● **EXERCISE GOAL**: When you copy the data, keep every line exactly as written and skip the pictures.

● **GIVEN INFORMATION**:
================================
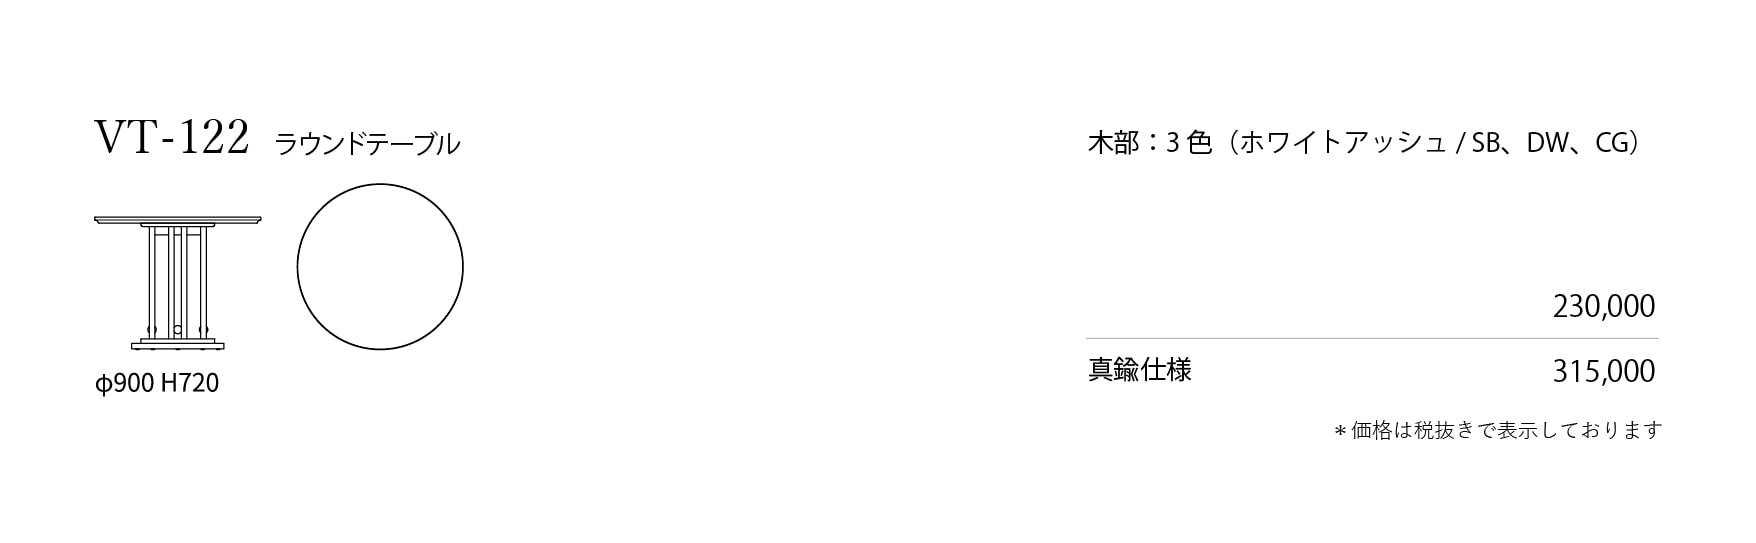 VT-122 Price List
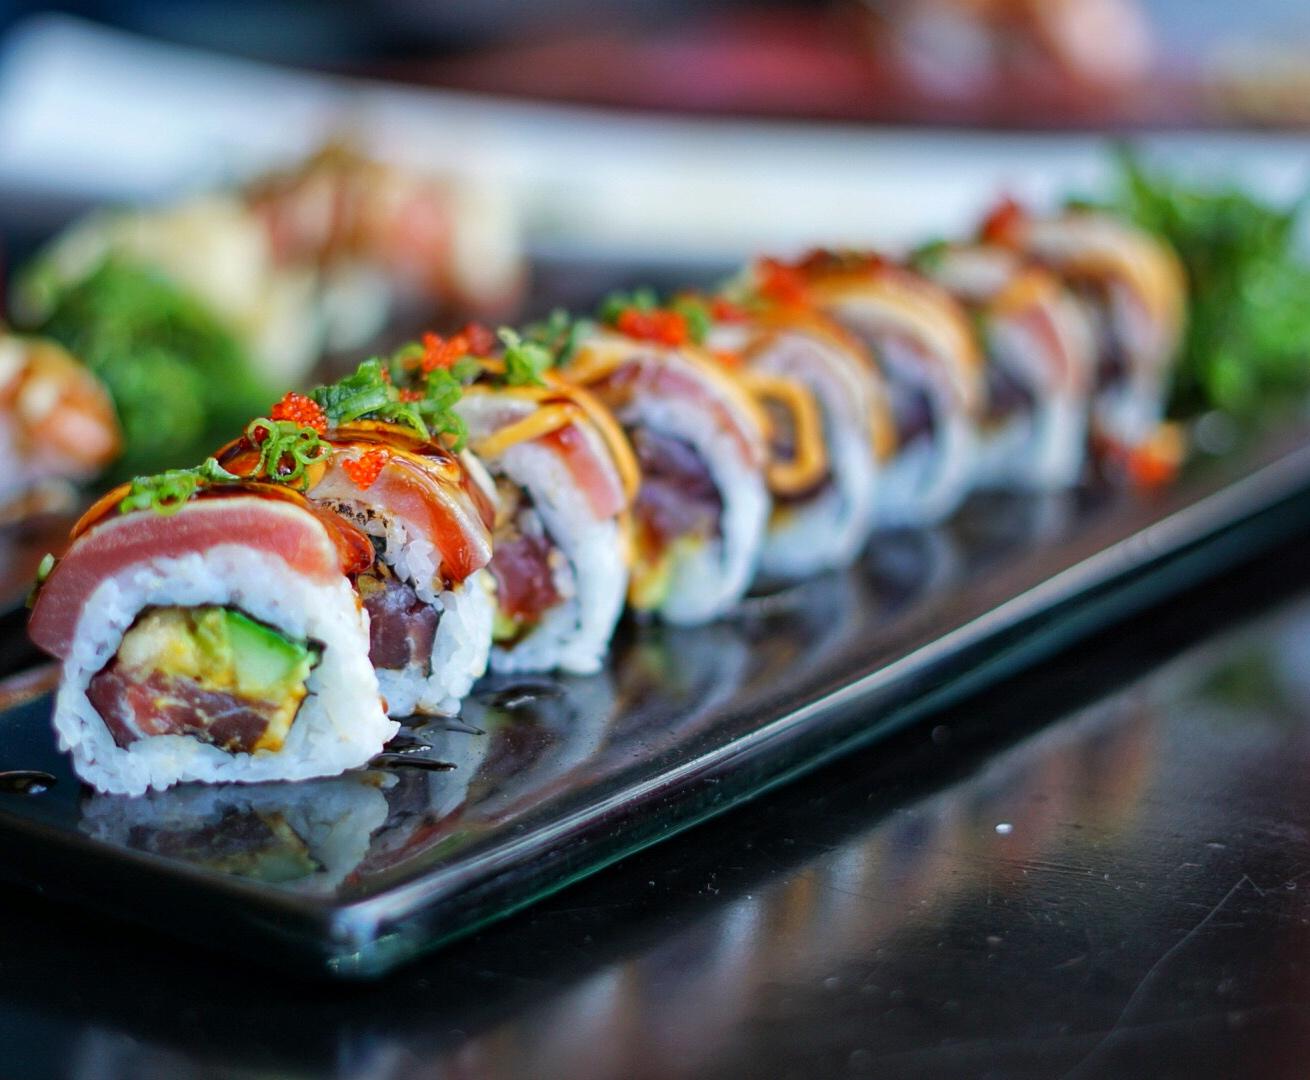 Spicy Tuna Tataki: Ahi tuna poke, Haas avocado, cucumber, homemade spicy sauce, soy BBQ sauce, orange tobiko & tempura flakes.
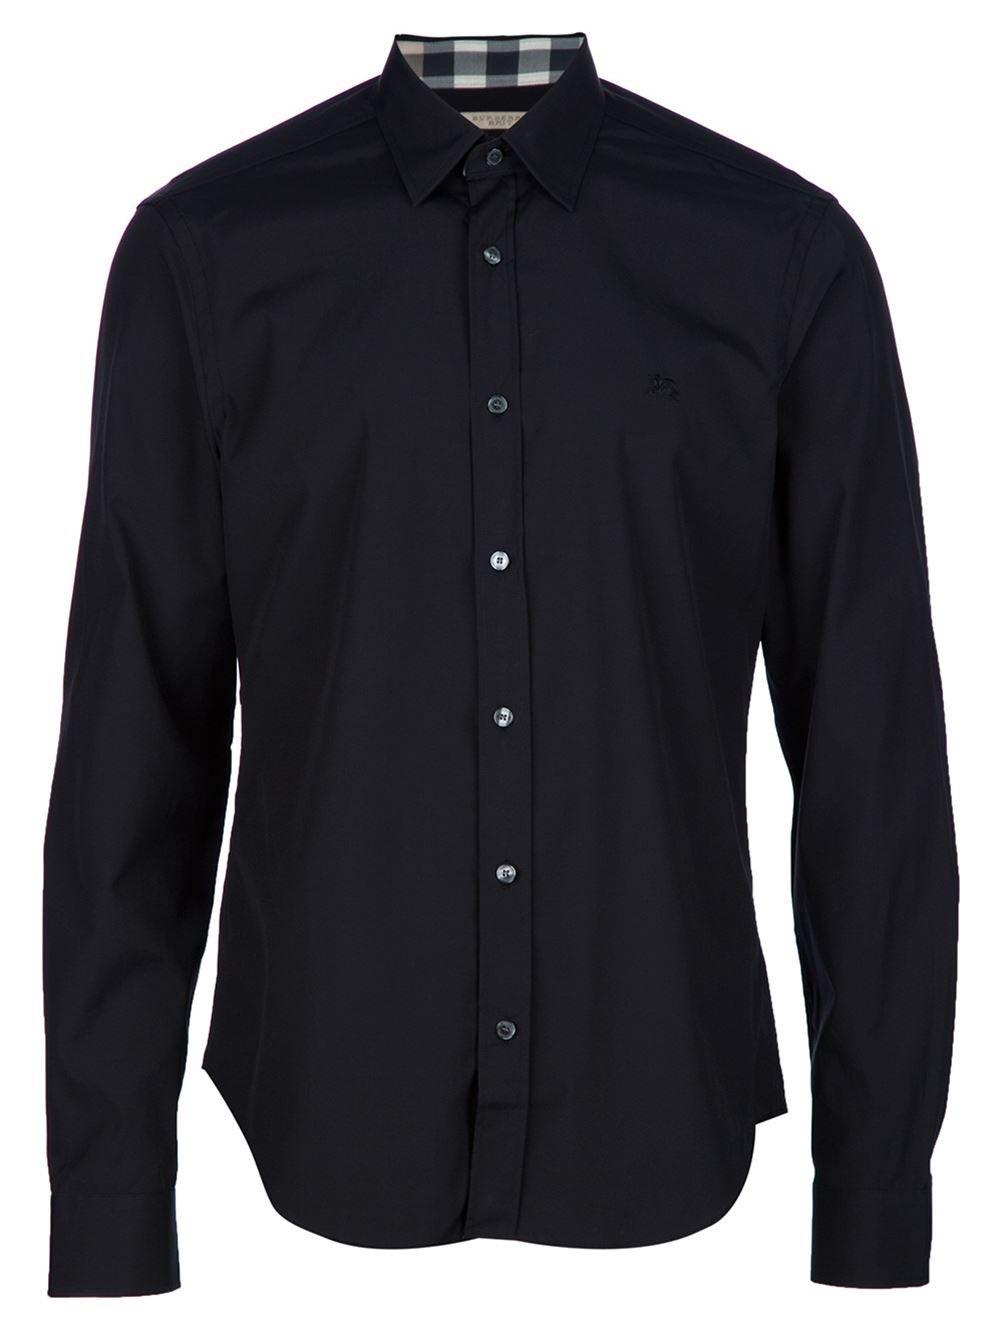 Burberry Men's Cambridge Black Stretch Cotton Trim Fit Logo Sport Casual Shirt (XL)
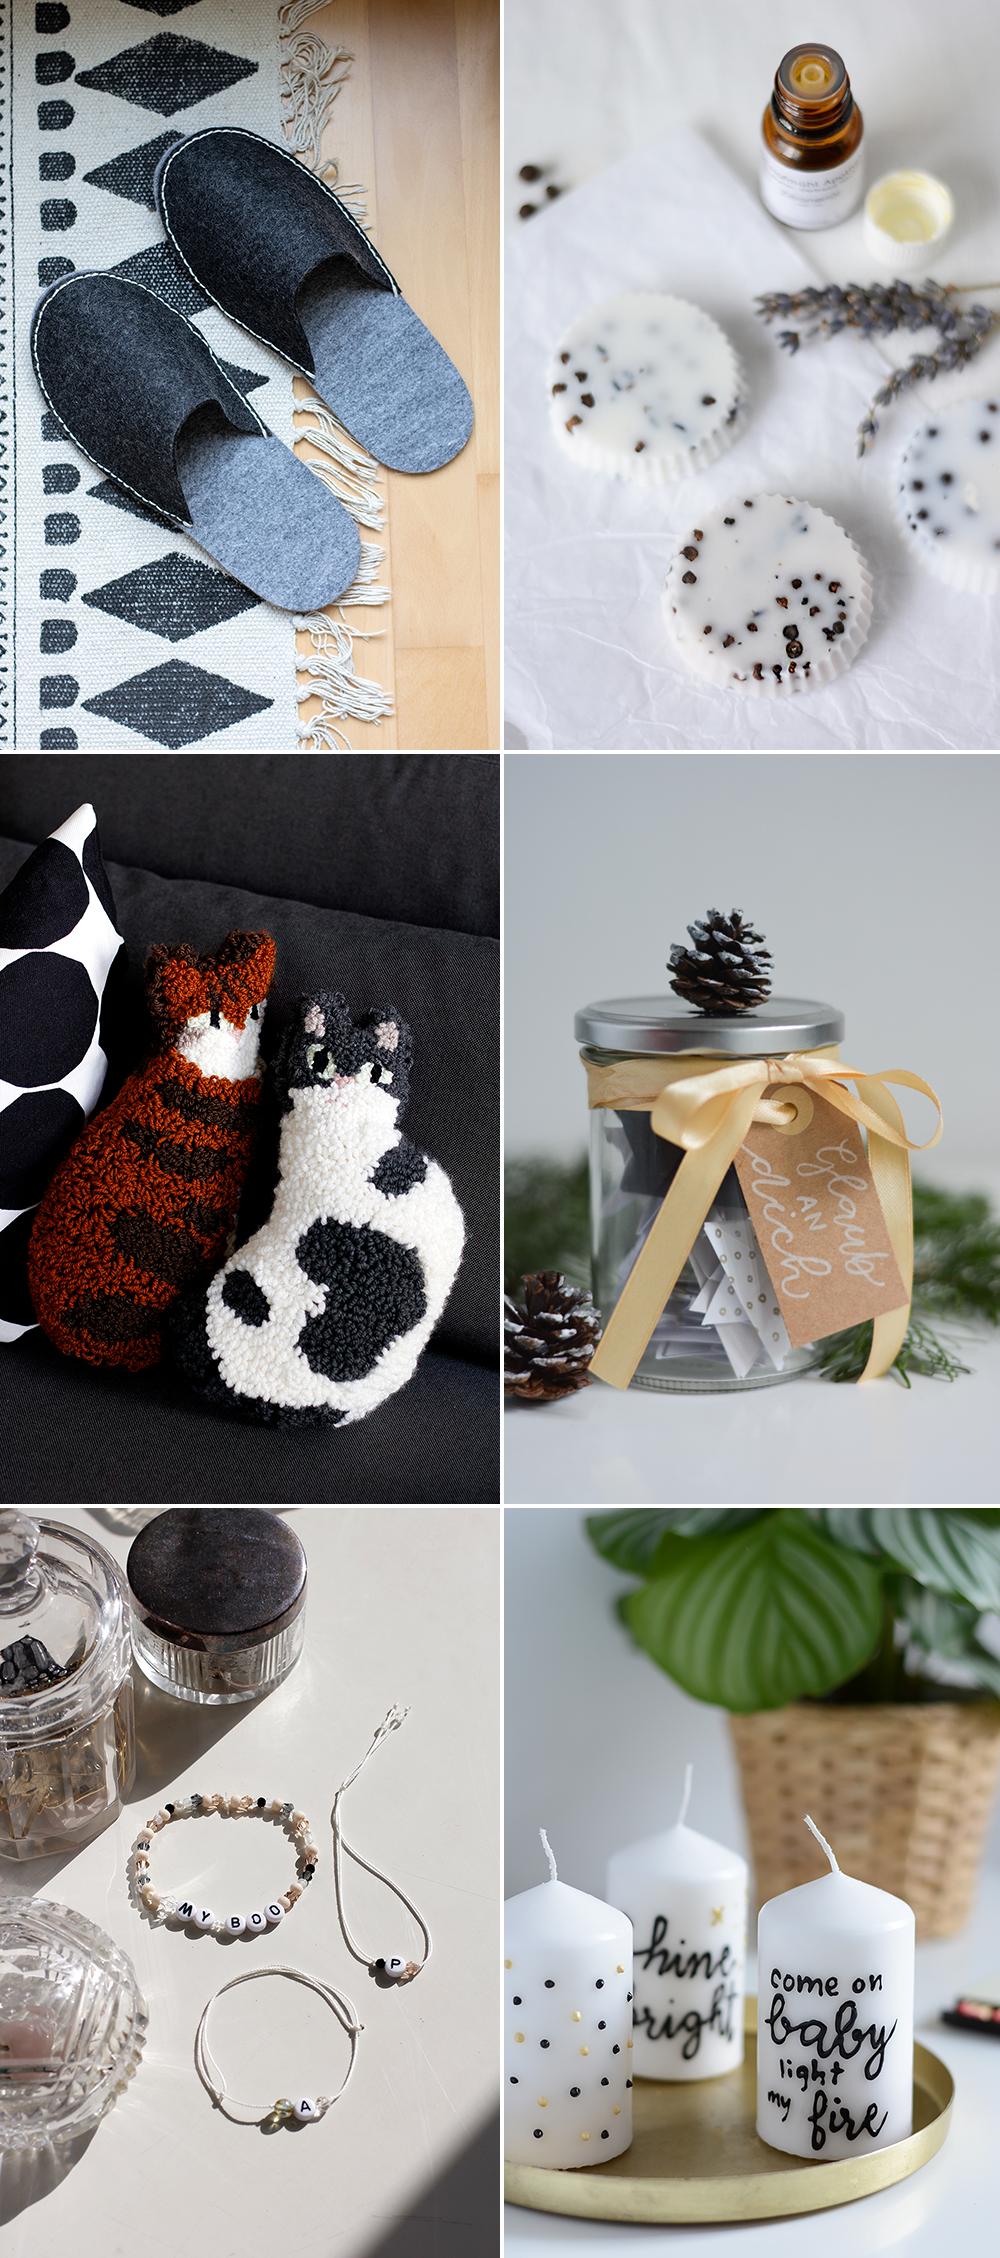 Personalisierte DIY-Geschenke   we love handmade
================================
● **TASK SOLUTION**:
 VT-122 Price List
 Spicy Tuna Tataki: Ahi tuna poke, Haas avocado, cucumber, homemade spicy sauce, soy BBQ sauce, orange tobiko & tempura flakes.
 Burberry Men's Cambridge Black Stretch Cotton Trim Fit Logo Sport Casual Shirt (XL)
 Personalisierte DIY-Geschenke   we love handmade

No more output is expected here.